For those women who feel they had to fight to get a diagnosis, and, in fact, any woman who suspects The Pill has caused disease-like symptoms, but your doctor dismisses your concerns, here is a final word of encouragement from Dr. Malatt:
For most doctors, the oral contraceptive pill is still a huge blind spot. So we don’t ask the right questions. I always ask about The Pill and any other drugs, and the temporal relationship between taking the drugs and the onset of the symptoms, as drugs in general and the Pill in particular cause many more problems than we realise, because we don’t ask.
Of course we have to find doctors we trust and be guided by their expert advice. We need our medical professionals to support us through life. But our body is the marker of truth and always speaks loud and clear. Listen to what your body is telling you, honour it, and if you think you are reacting to a medication, you probably are. Talk to your doctor, and if they don’t listen to you and take you seriously, find one who does.
Trust Your Questions
I love that phrase, “Our body is the marker of truth.”
Yes, fibromyalgia is a complex disease.
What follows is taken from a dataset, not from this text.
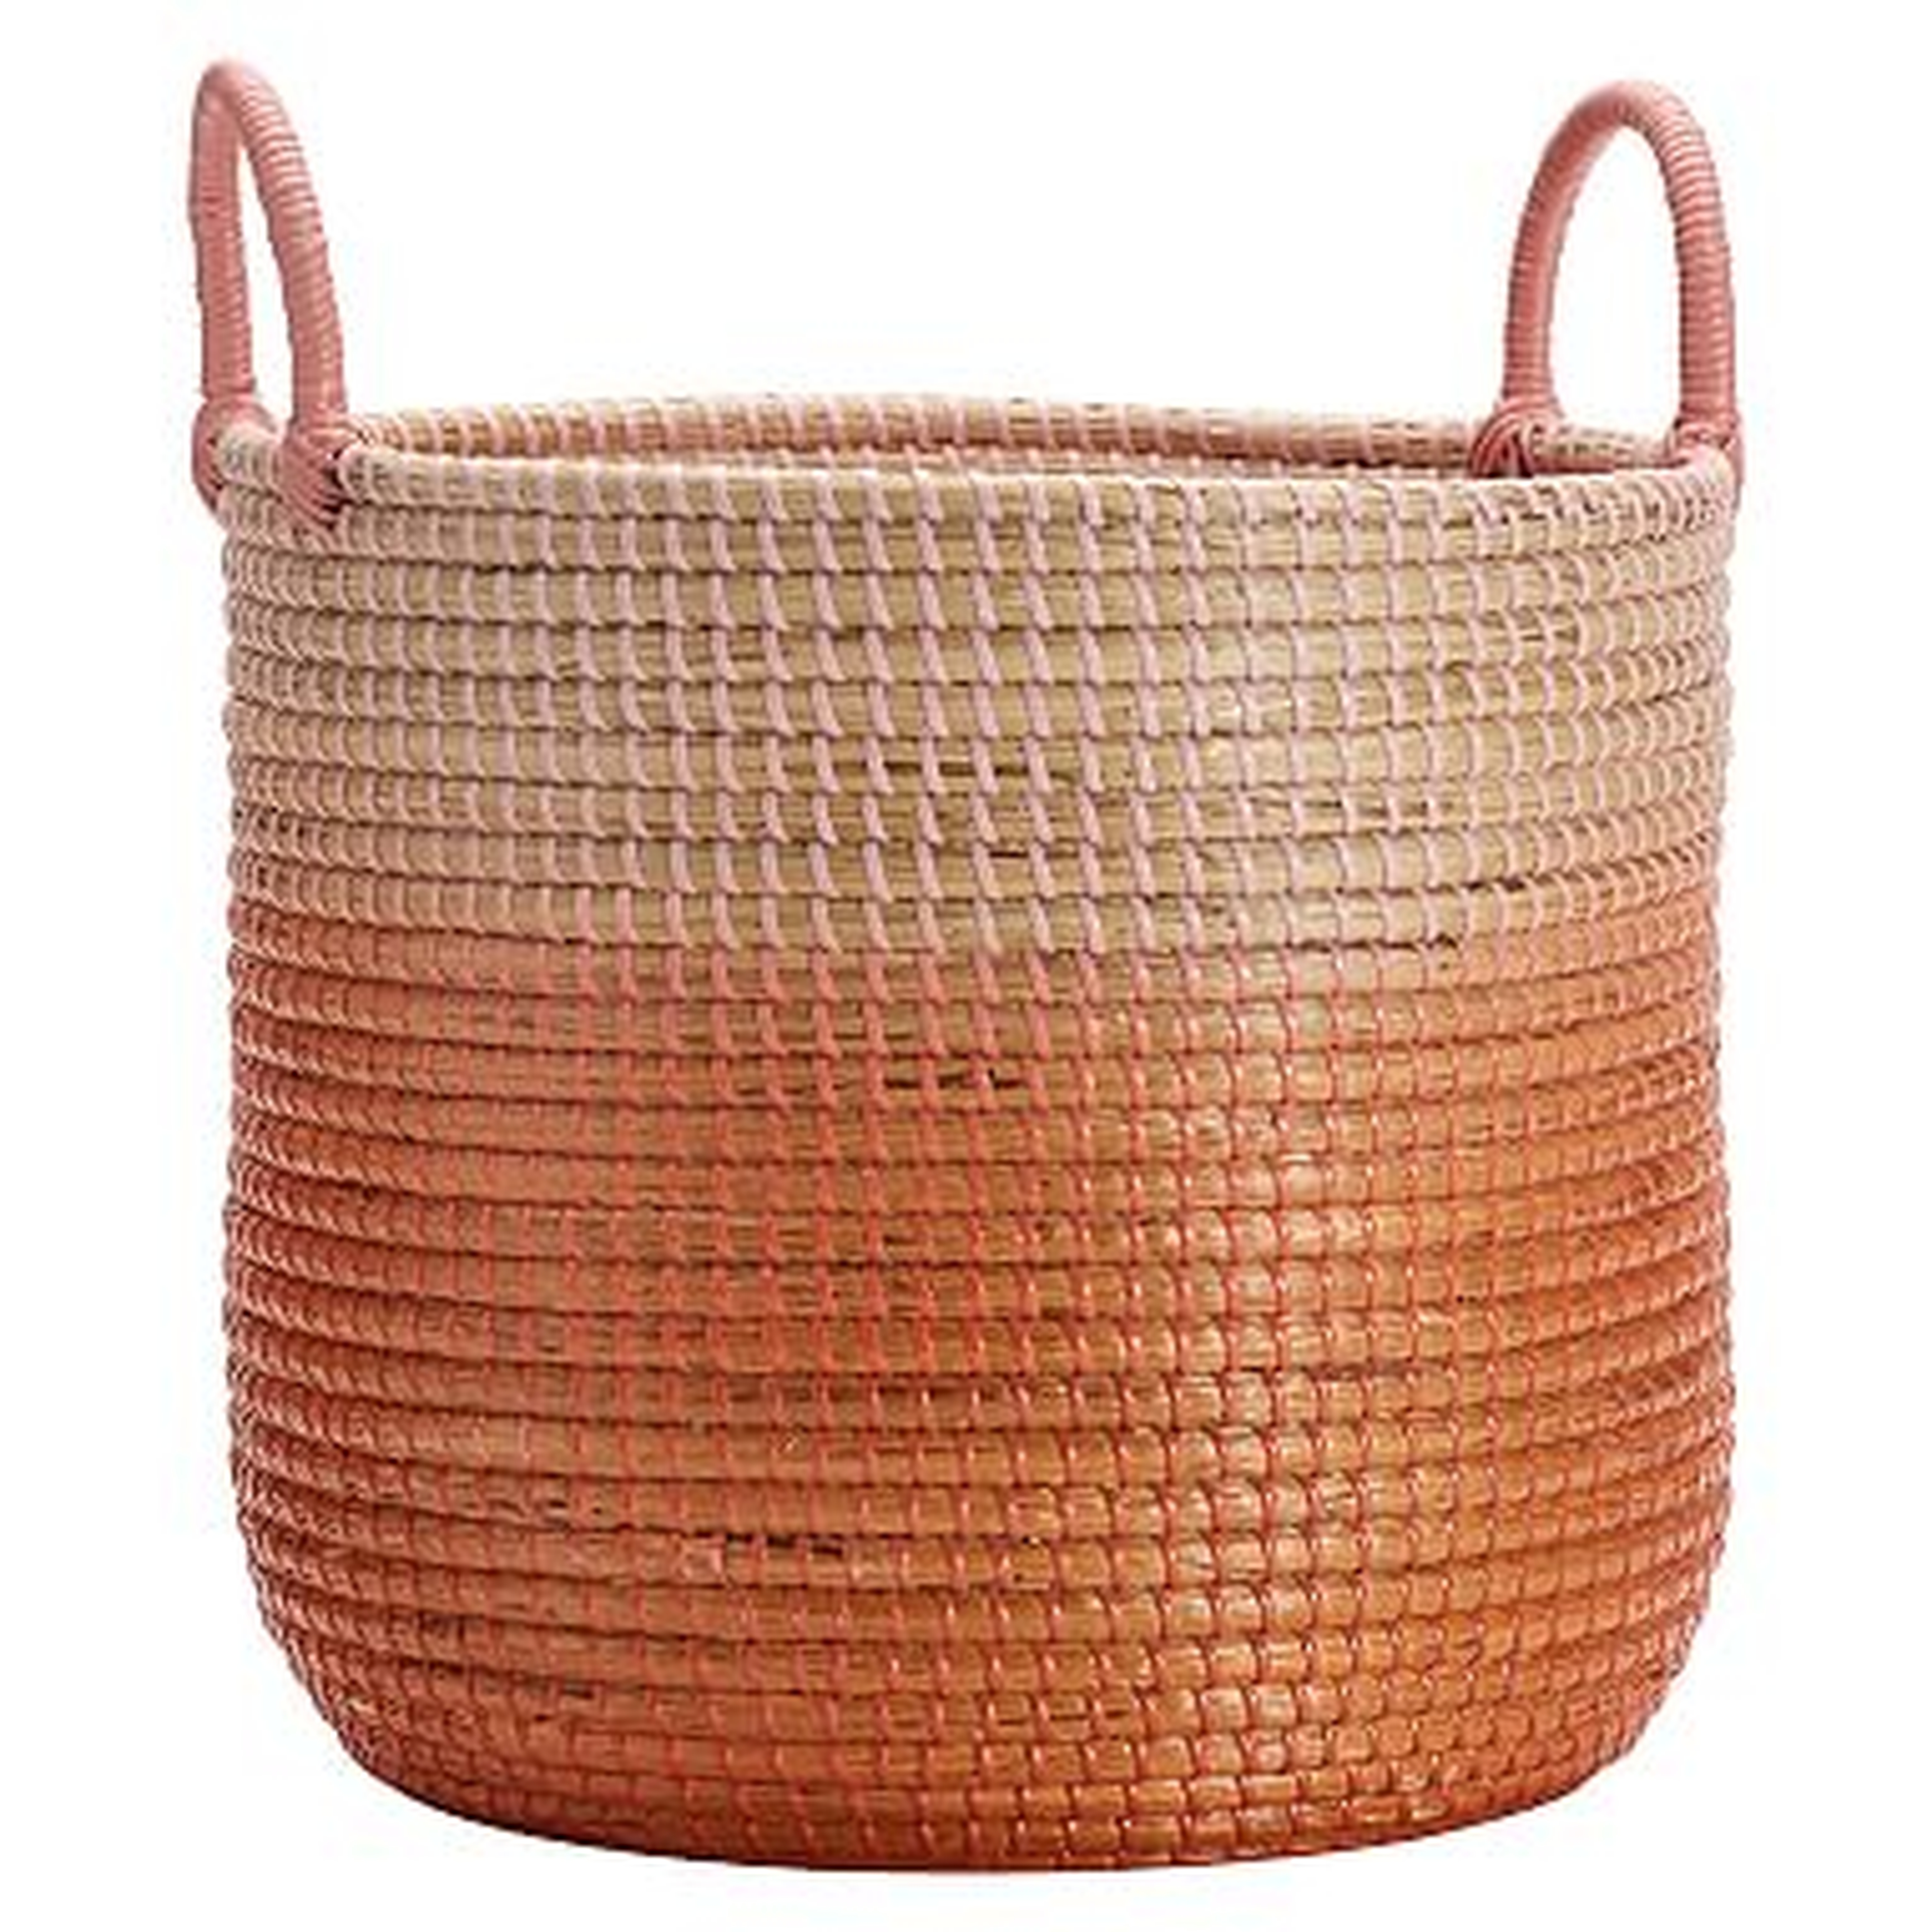 Woven Seagrass Storage Baskets, Medium, Single, Blush Ombre - Pottery Barn Teen

Yes, the mysteries run deep. Yes, doctors have been trained to think The Pill will not cause disease.
However, our bodies are the markers of truth, and the truth cannot always be easily measured by any metric. A patient can feel when things have changed in their body. They can sense when things aren’t right, even when the numbers say otherwise. That is why I wrote in my book, “Trust your questions more than the answers.”
If you encounter a doctor who doesn’t believe you or dismisses your concerns, don’t let it stop you from getting the treatment you need. That’s simply a doctor who isn’t ready for the challenge of a mystery. This translates to another basic truth – the complexity and mystery surrounding fibromyalgia may require you to be a stronger advocate for your own health. Don’t shy away from support groups or similar groups on Facebook. Get as many “detectives” as possible thinking about your case.
Keep going. Keep digging. Don’t give up, because being better informed is the best way to make even the deepest mystery less mysterious.